He received one of the literary pensions then recently established, and was elected to the Académie française in 1670. Up to this time he had written some sixteen or seventeen comedies, tragedies, and tragi-comedies, which began at the Hôtel de Bourgogne in 1653, and of which the tragedies were mostly of very small value and the tragi-comedies of little more. But his comedies—especially his first piece Les Rivales (1653), L'Amant indiscret (1654), which has some likeness to Molière's Étourdi, Le Fantôme amoureux (1659), and La Mère coquette (1665), perhaps the best—are much better. In assessing Quinault's comedy work, Patricia Howard noted the influence of Préciosité, especially in the female roles: "For if in French theatre in the second half of the century, women's roles are preeminent, it was the précieux movement which made them so."[1] In 1671 he contributed to the singular miscellany of Psyché, in which Pierre Corneille and Molière also had a hand, and which was set to the music of Jean-Baptiste Lully.

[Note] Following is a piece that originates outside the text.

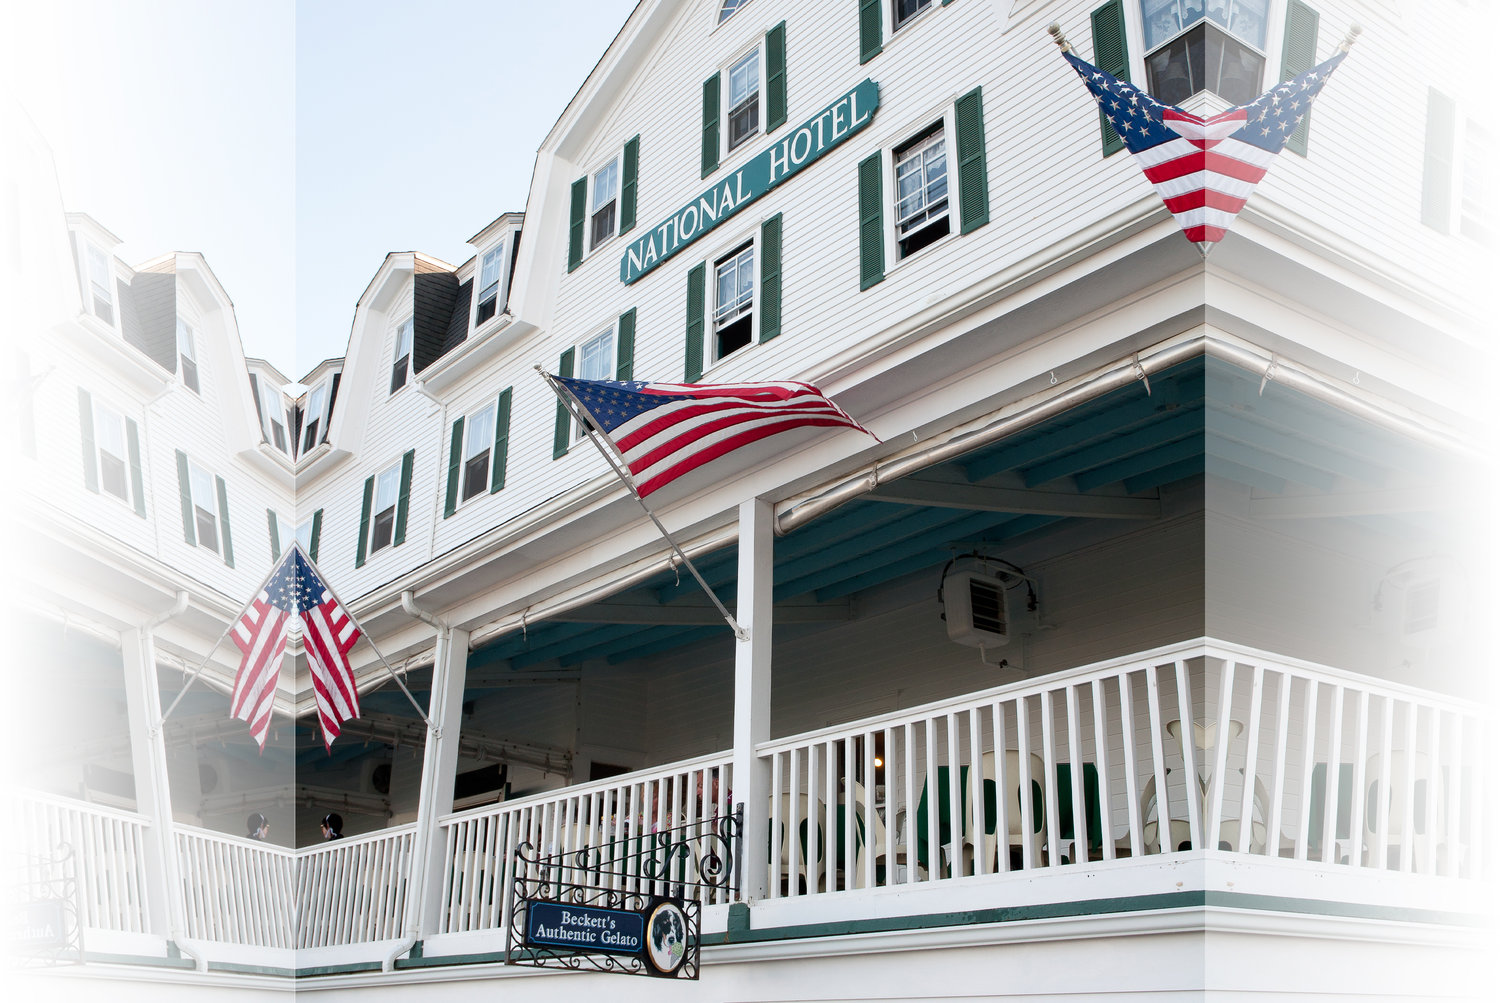 The National Hotel is Block Island’s flagship Victorian hotel

Here he showed a remarkable faculty for lyrical drama, and from this time until just before his death he confined himself to composing libretti for Lully's work. This was not only very profitable (for he is said to have received four thousand livres for each, which was much more than was usually paid even for tragedy), but it established Quinault's reputation as the master of a new style—so that even Boileau, who had previously satirized his dramatic work, praised, not the opera, which he did not like, but Quinault's remarkably ingenious and artist-like work in it.

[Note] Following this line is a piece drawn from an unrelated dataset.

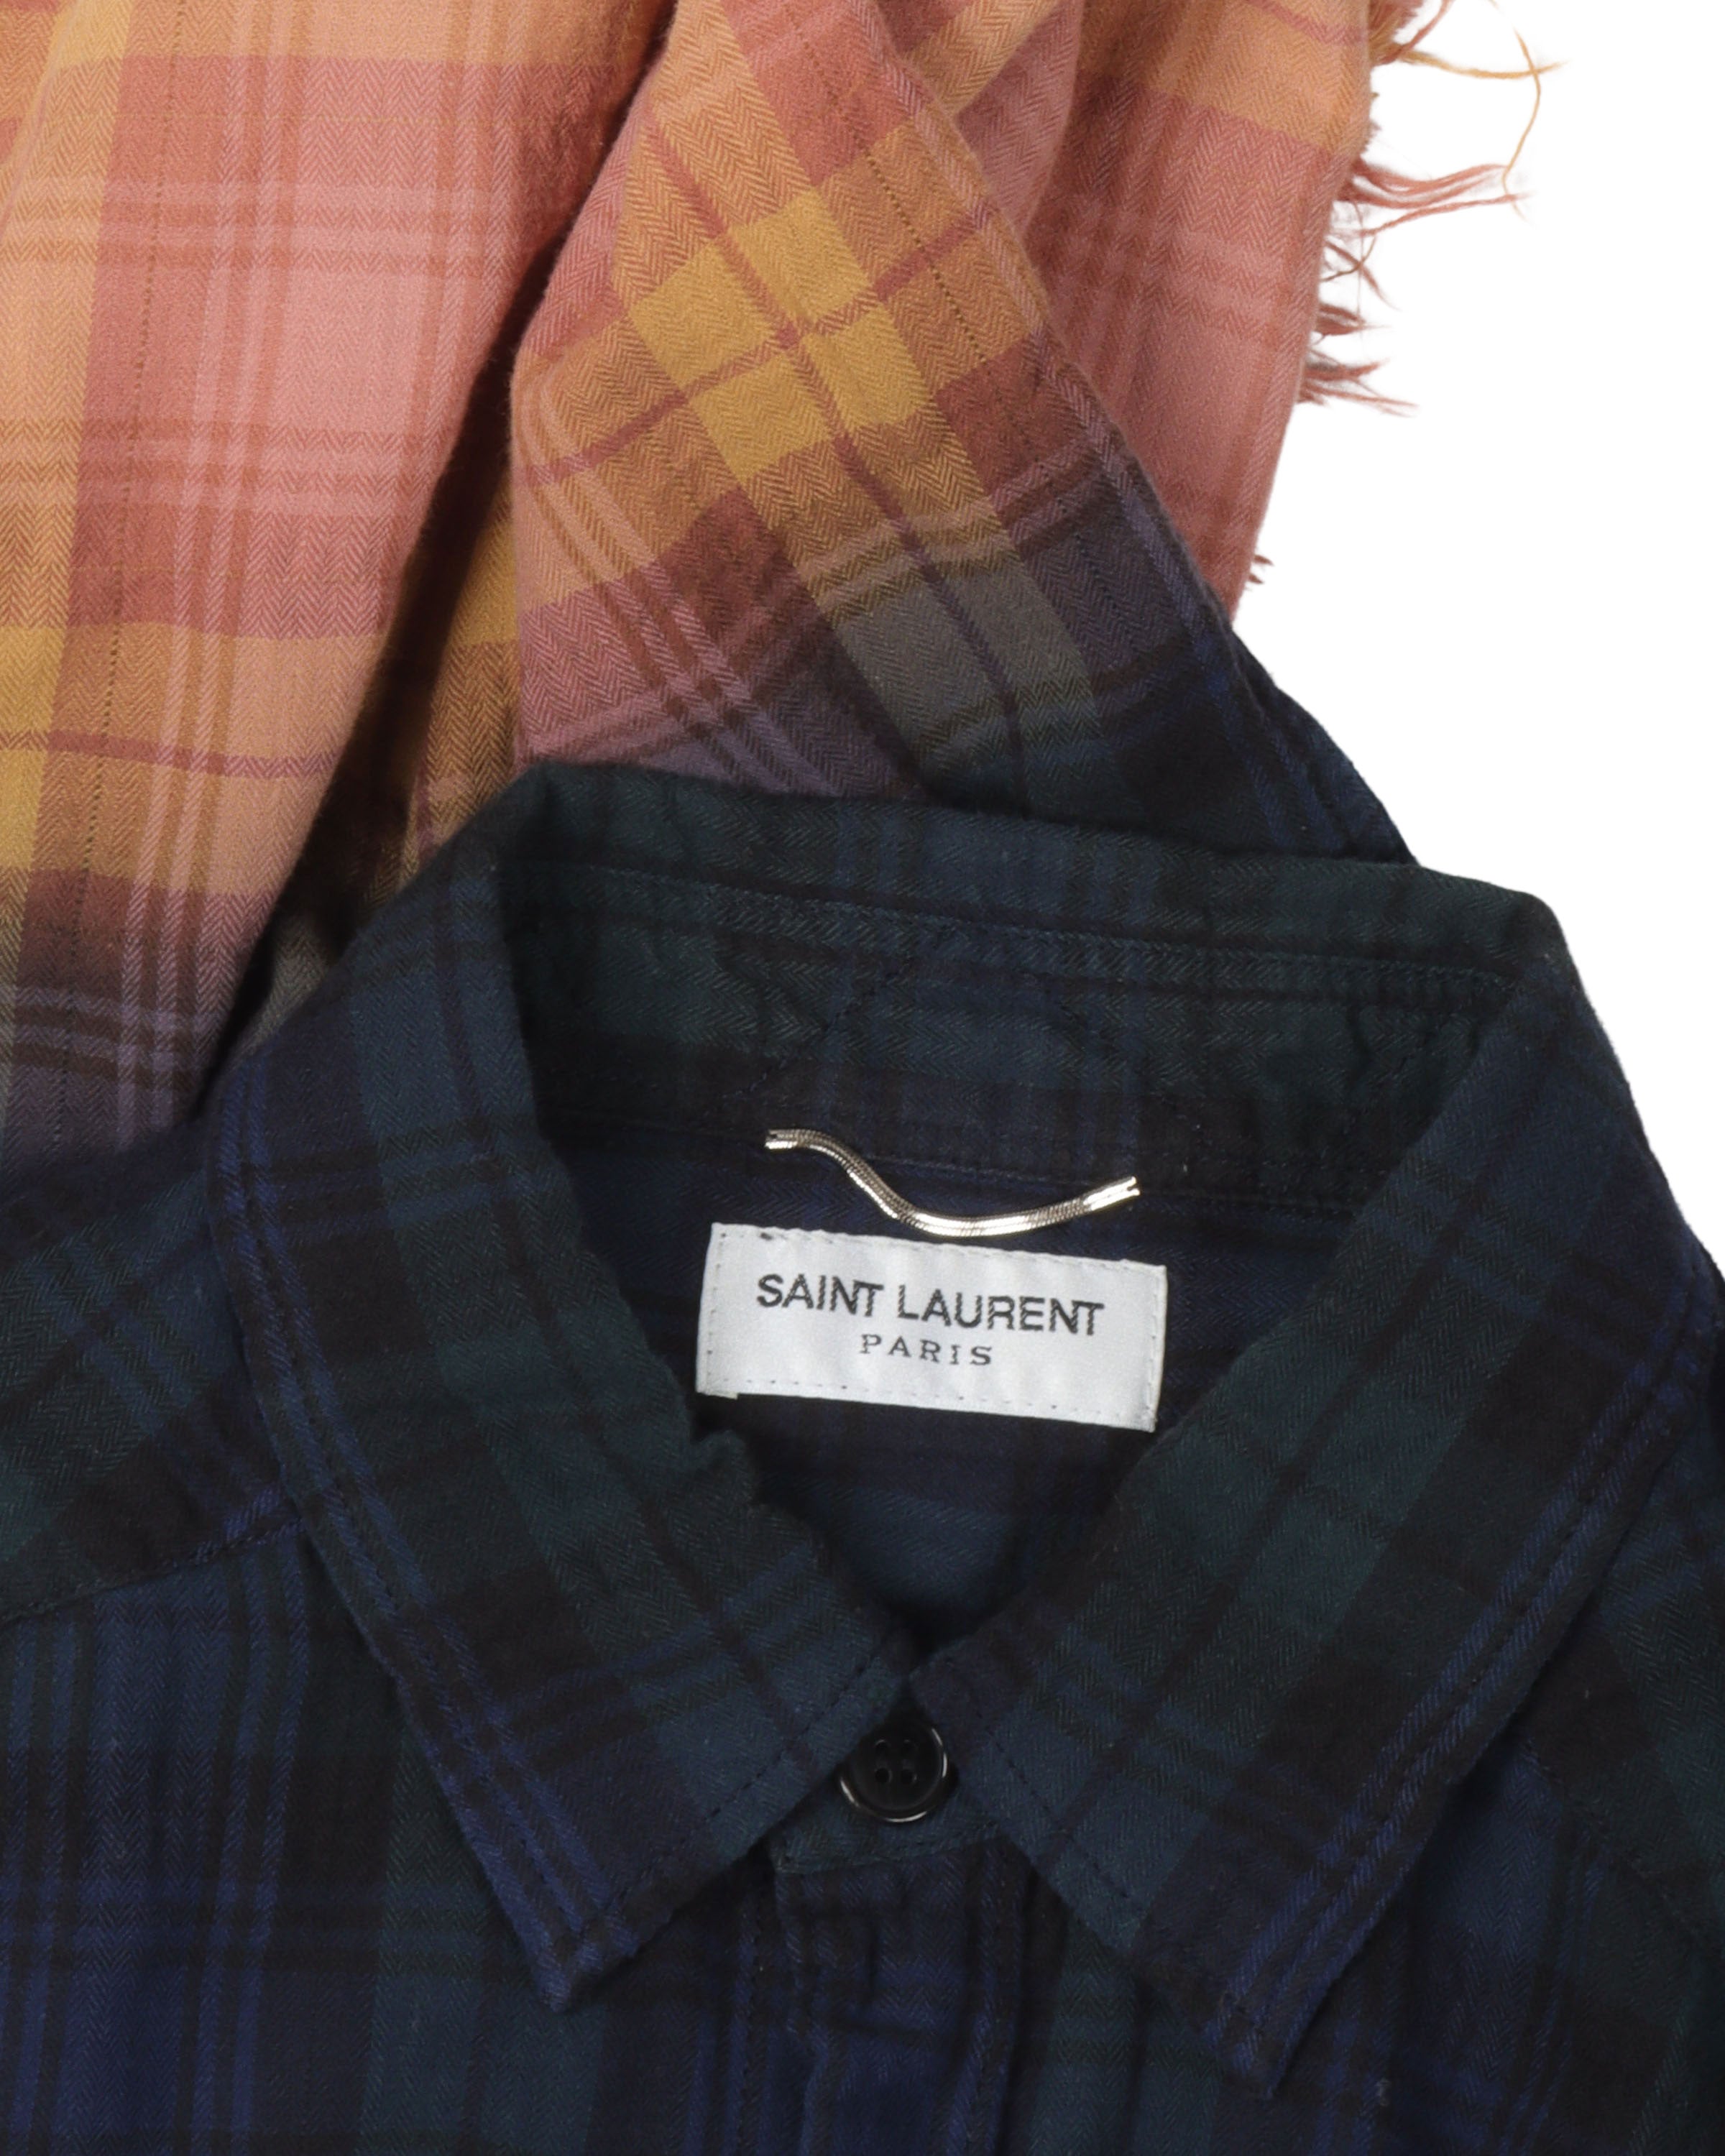 SS16 Surf Sound Ombre Flannel

His libretti are among the very few which are readable without the music, and which are yet carefully adapted to it. The very artificiality of the French lyric of the later 17th century, and its resemblance to alexandrines cut into lengths, were aids to Quinault in arranging lyrical dialogue. They certainly do not contain very exalted poetry or very perfect drama. But they are quite free from the ludicrous doggerel which has made the name libretto a byword, and they have quite enough dramatic merit to carry the reader, much more the spectator, along with them. It is not an exaggeration to say that Quinault, coming at the exact time when opera became fashionable out of Italy, had very much to do with establishing it as a permanent European genre. His first piece after Psyché (1671) was a kind of classical masque, Les Fêtes de l'Amour et de Bacchus (1672). Then came Cadmus et Hermione (1674), Alceste ou le Triomphe d'Alcide (1674), Thésée (1675), Atys (1676), one of his best pieces, and Isis (1677). Alceste was received very negatively by some critics, and this inspired a debate of published opinions by the writers Jean Racine and Charles Perrault which constitutes one of the first exchanges in what would later become known as the Quarrel of the Ancients and the Moderns.[2]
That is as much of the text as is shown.